6. Residual construction and signal generation

Show code
# 6.1 Load spec, tenors, yields, and overlap calendar

# Load backtest spec (tenors, sample bounds, params) and canonical curve,
# then align dates to the raw curve so later residuals use an overlap calendar.

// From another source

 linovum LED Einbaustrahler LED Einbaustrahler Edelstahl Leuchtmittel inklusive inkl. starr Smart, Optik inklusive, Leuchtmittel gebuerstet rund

spec_path = derived_dir / "backtest_spec.json"
if not spec_path.exists():
    raise FileNotFoundError(spec_path)

with open(spec_path, "r") as f:
    backtest_spec = json.load(f)

curve_path = derived_dir / "curve_treasury_par_canonical.parquet"
if not curve_path.exists():
    raise FileNotFoundError(curve_path)

df_curve = pd.read_parquet(curve_path)
if "date" in df_curve.columns:
    df_curve["date"] = pd.to_datetime(df_curve["date"], errors="coerce")
    df_curve = df_curve.set_index("date")
df_curve.index = ensure_naive_dates(df_curve.index)
df_curve = df_curve.sort_index()

try:
    df_raw
    _ = df_raw
except NameError:
    candidates = list(Path("data").rglob("*treasury*par*.parquet"))
    if not candidates:
        raise FileNotFoundError("raw treasury par curve parquet not found")
    df_raw = pd.read_parquet(candidates[0])
    if "date" in df_raw.columns:
        df_raw["date"] = pd.to_datetime(df_raw["date"], errors="coerce")
        df_raw = df_raw.set_index("date")
    df_raw.index = ensure_naive_dates(df_raw.index)
    df_raw = df_raw.sort_index()

idx_overlap = df_curve.index.intersection(df_raw.index)
tenors = list(backtest_spec["tenors"])
sample_start = pd.to_datetime(backtest_spec["sample_start_all_non_null"])
sample_end = pd.to_datetime(backtest_spec["sample_end_all_non_null"])
idx = idx_overlap[(idx_overlap >= sample_start) & (idx_overlap <= sample_end)]

df_yields = df_curve.loc[idx, tenors].copy()
valid_data = df_yields.notna().all(axis=1)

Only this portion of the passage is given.